Item 8. The method for producing a plastic optical member according to any one of Items 1 to 7, wherein the melting point of the substance that seals one end of the hollow tube is equal to or higher than the temperature used during cladding polymerization and the temperature used during core polymerization, (9) Item 1 8. The plastic optical member obtained by the manufacturing method described in any one of (8), (10) the plastic optical member according to item (9), wherein the optical member has a region having a refractive index distribution, (11) the distribution of the refractive index Item 11. The plastic optical member according to item 10, wherein the cross section changes from the center toward the outside.

[0008]

BEST MODE FOR CARRYING OUT THE INVENTION The hollow tube used in the present invention is made of plastic, and corresponds to a portion forming a clad portion in the production of a plastic optical member. This plastic hollow tube is preferably transparent to the transmitted light. In the manufacturing method of the present invention, the plastic hollow tube for the plastic optical member preform used has a refractive index lower than that of the core portion in order to retain the transmitted optical signal in the core portion. Preferably, it is also transparent to the transmitted light. For example,
Polymethylmethacrylate (PMMA), polybenzylmethacrylate (PBzMA), polystyrene (PS
t), deuterated polymethylmethacrylate (PMMA-
d8, d5, or d3), polytrifluoroethyl methacrylate (P3FMA), polyhexafluoroisopropyl 2-fluoroacrylate (PHFIP 2-
FA) and other homopolymers, copolymers of two or more of these monomers, and mixtures thereof. Since these do not impair the transparency after the polymerization, it is preferable to reduce impurities and foreign substances as scattering sources as much as possible.
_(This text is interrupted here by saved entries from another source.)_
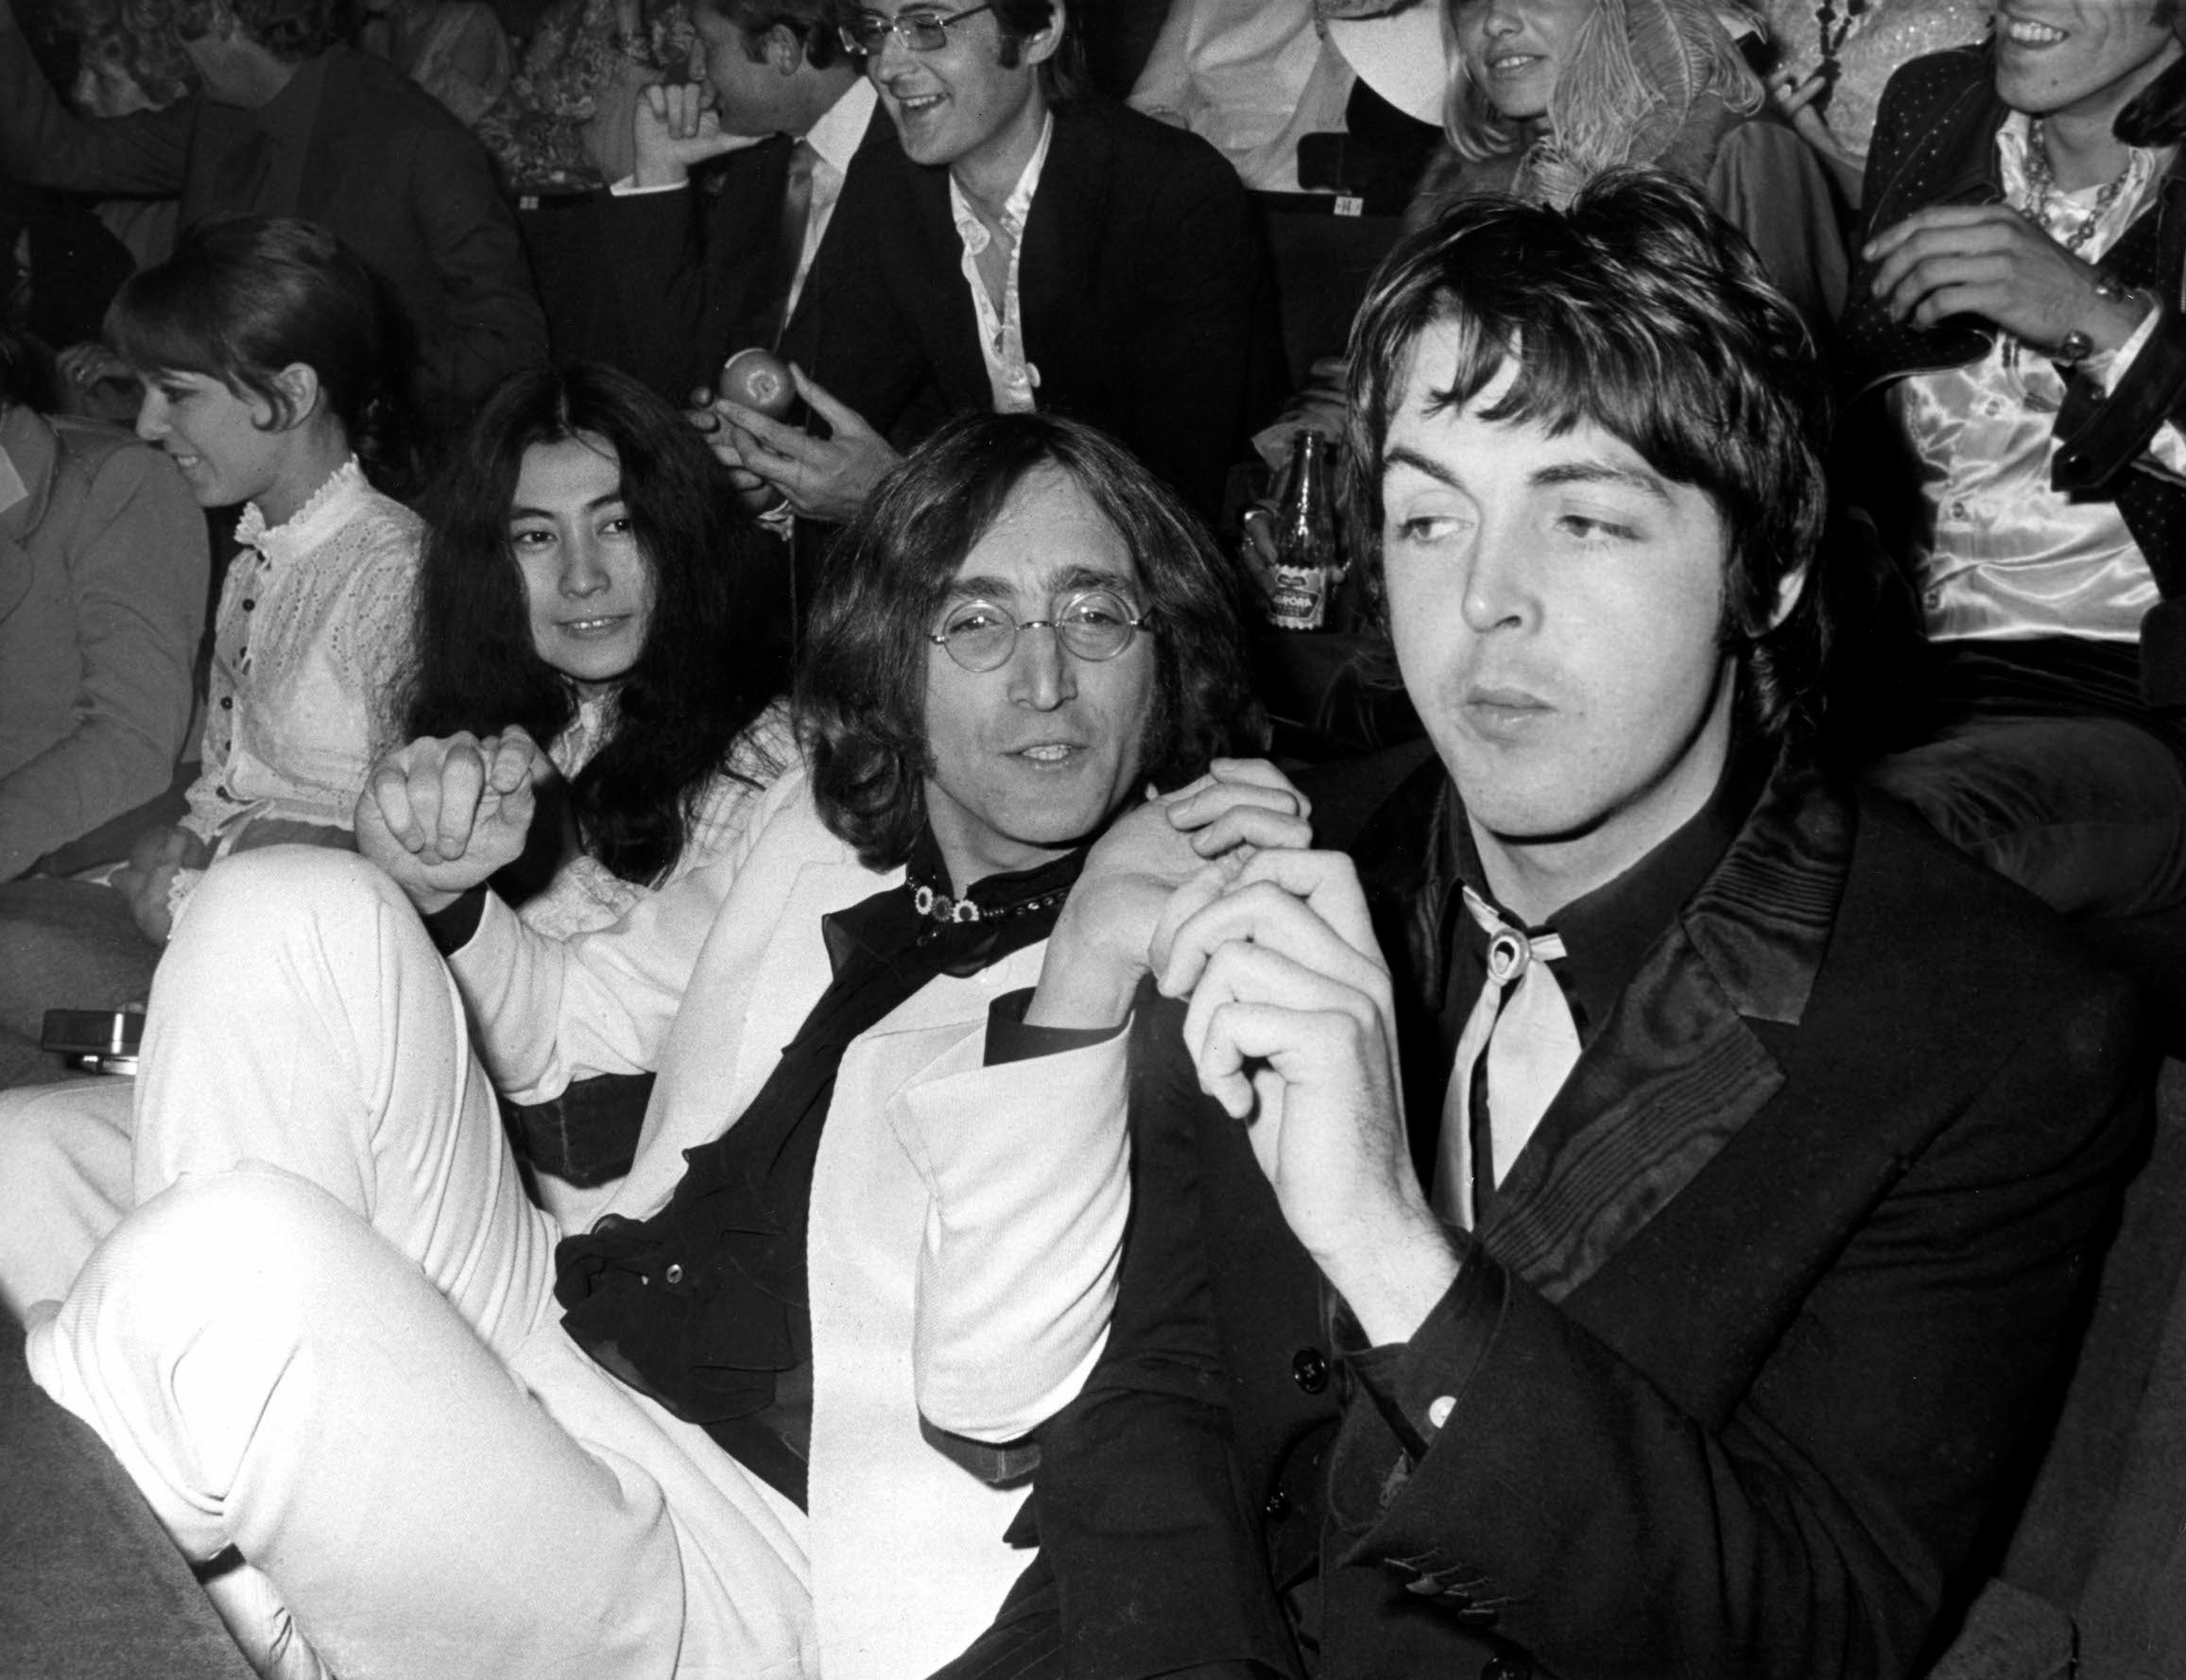 Yoko Ono, John Lennon, and Paul McCartney attend the premiere of Yellow Submarine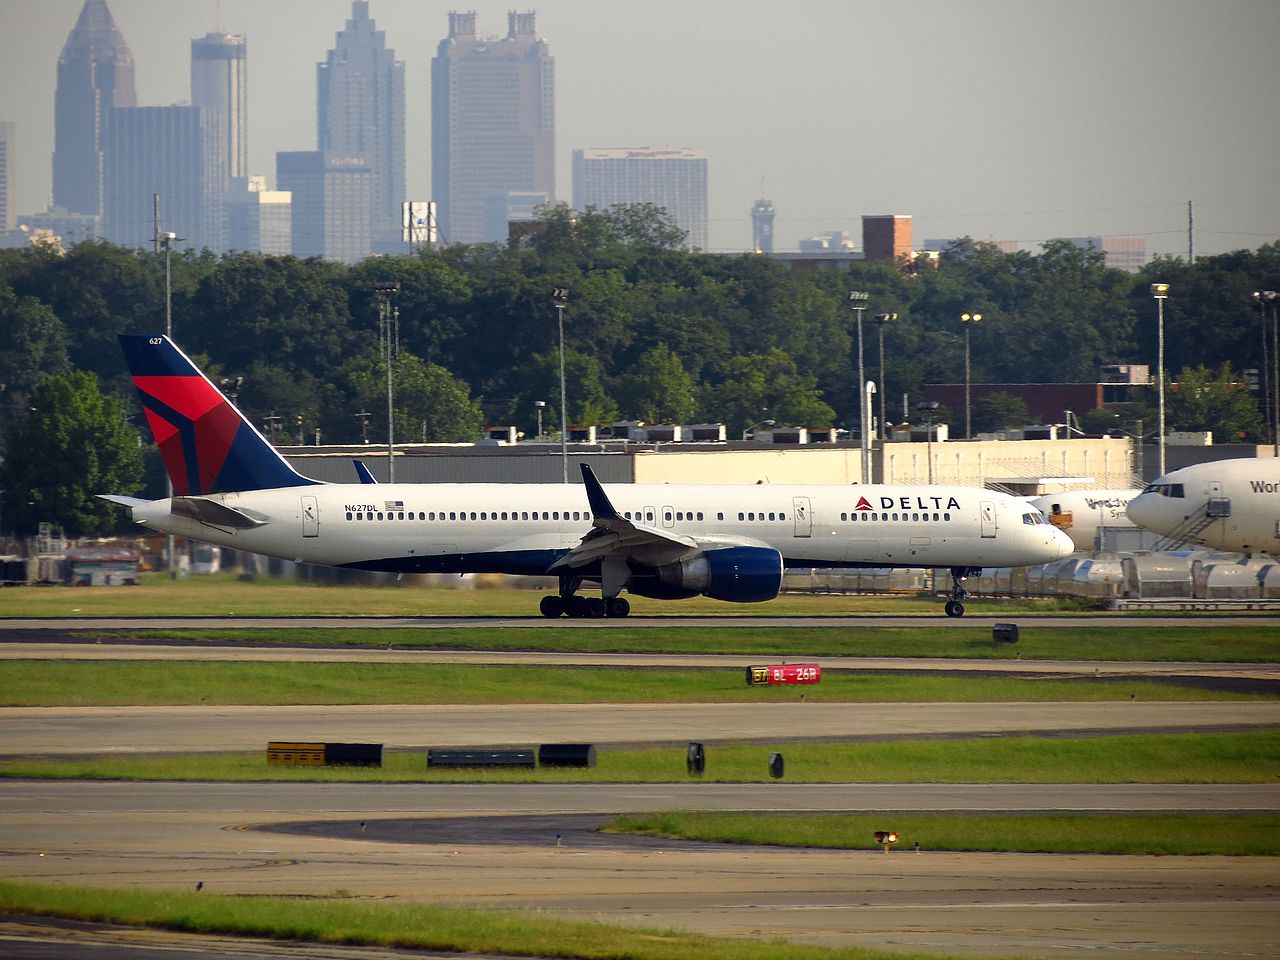 1280px-Delta_plane_and_Atlanta_skyline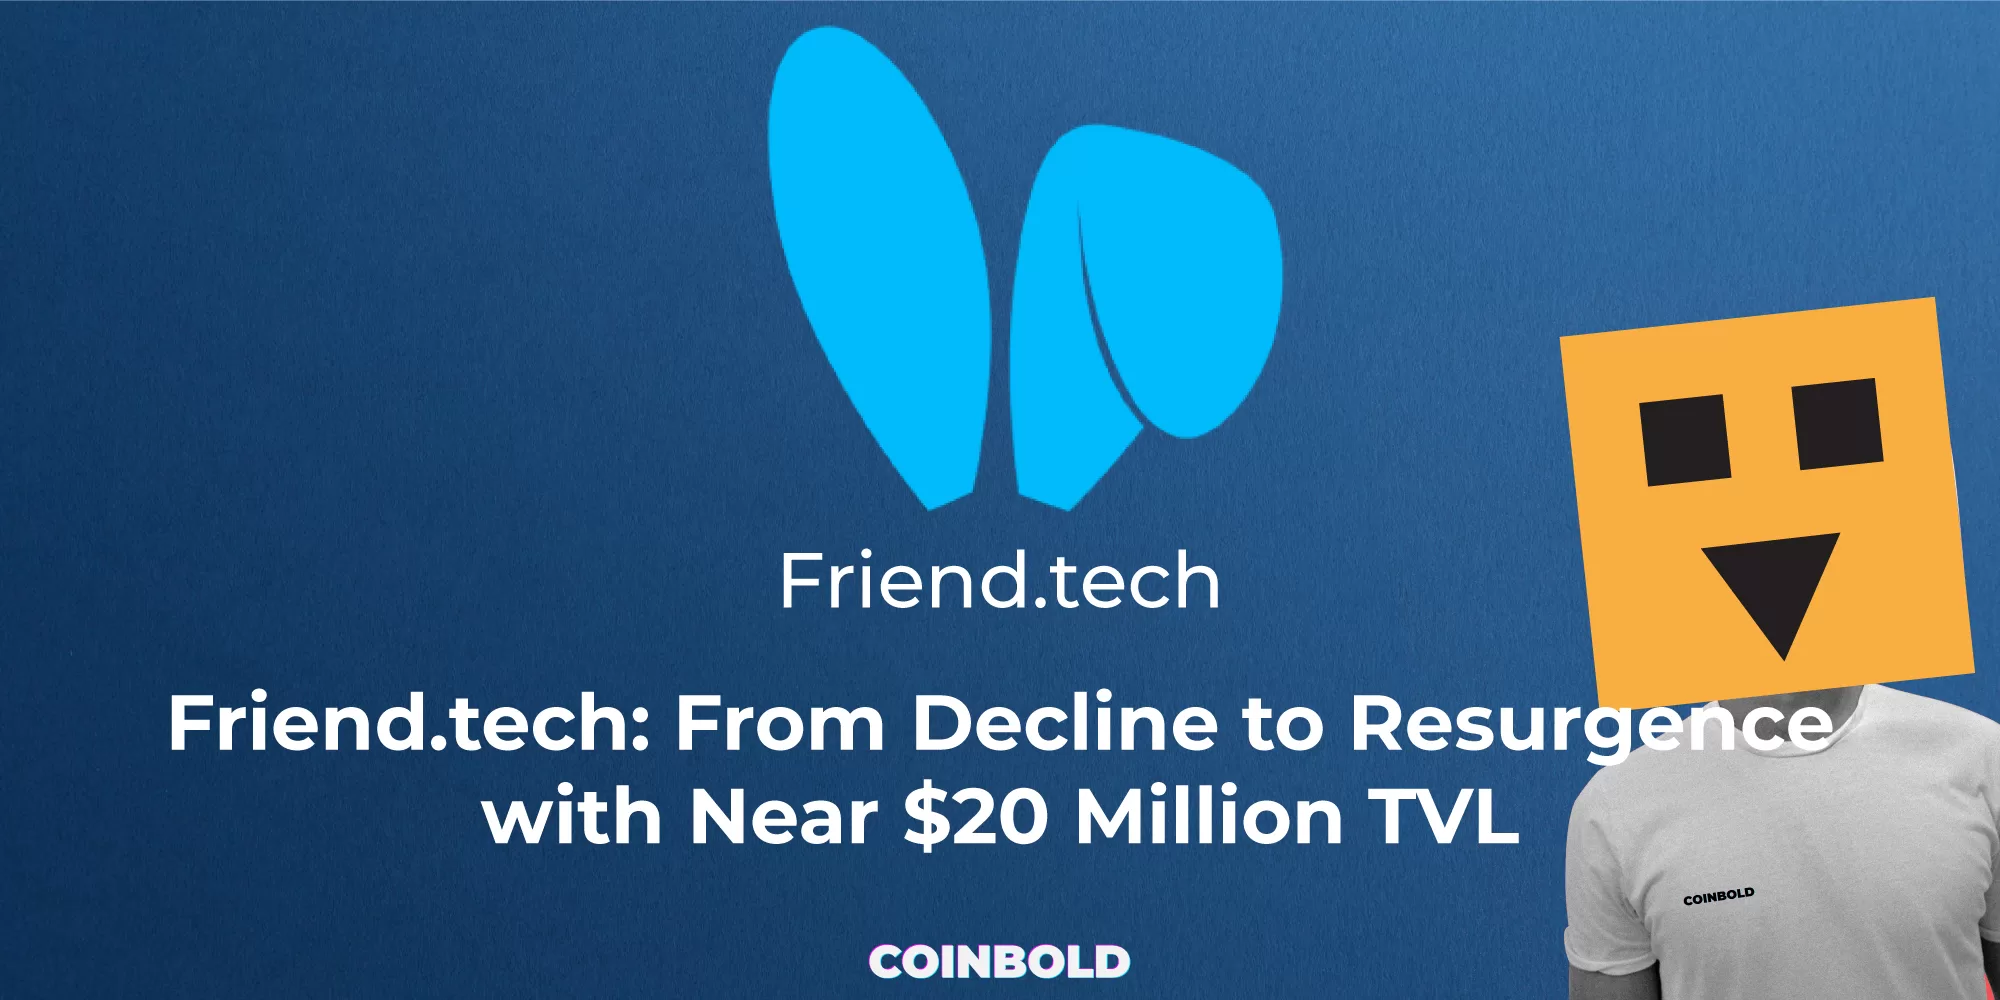 Friend.tech From Decline to Resurgence with Near $20 Million TVL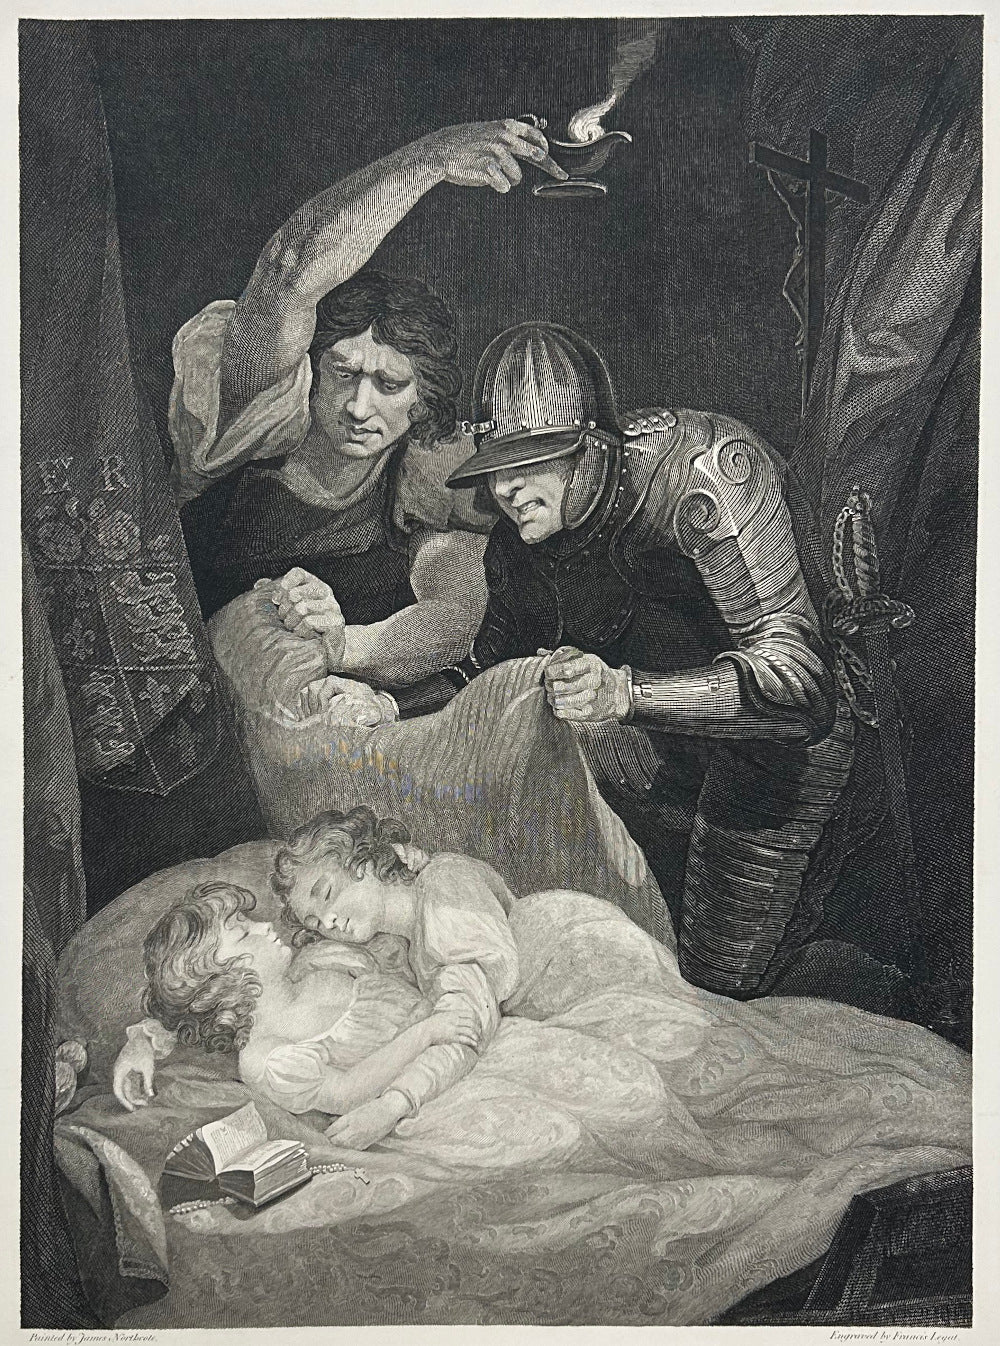 Northcote, James Plate 77. “Richard III, Act III, Scene ii. The Murder of the Princes in the Tower

In addition, it is preferable to use the same raw material as the polymer forming the core portion for the clad portion, because the transparency can be maintained.

The material used for sealing one end of the hollow tube made of plastic may be the same resin composition as that of the hollow tube, but is made of a medium resin so that it can be easily removed at an appropriate stage of manufacturing the plastic optical member. It is preferable that the material has a composition different from that of the empty tube. The substance for sealing one end of the hollow tube preferably has a melting point or a softening point higher than the polymerization temperature of the clad portion and the polymerization temperature of the core portion. The sealing substance is preferably a resin having a melting point of 100 ° C. or higher, more preferably 120 ° C. or higher. Examples of such a resin include a resin having fluorine, a polyolefin resin, and the like. Specific examples thereof include polyvinylidene fluoride (PVDF), tetrafluoroethylene (PTFE), and tetrafluoroethylene / perfluoroalkyl vinyl ether copolymer. (PFA), tetrafluoroethylene / hexafluoropropylene copolymer (FEP), tetrafluoroethylene / ethylene copolymer (ETFE), polyamide-based resin, maleimide-based resin and the like. In particular, PVDF, PVF and the like can be exemplified as the sealing resin which can be preferably used for the hollow tube made of PMMA.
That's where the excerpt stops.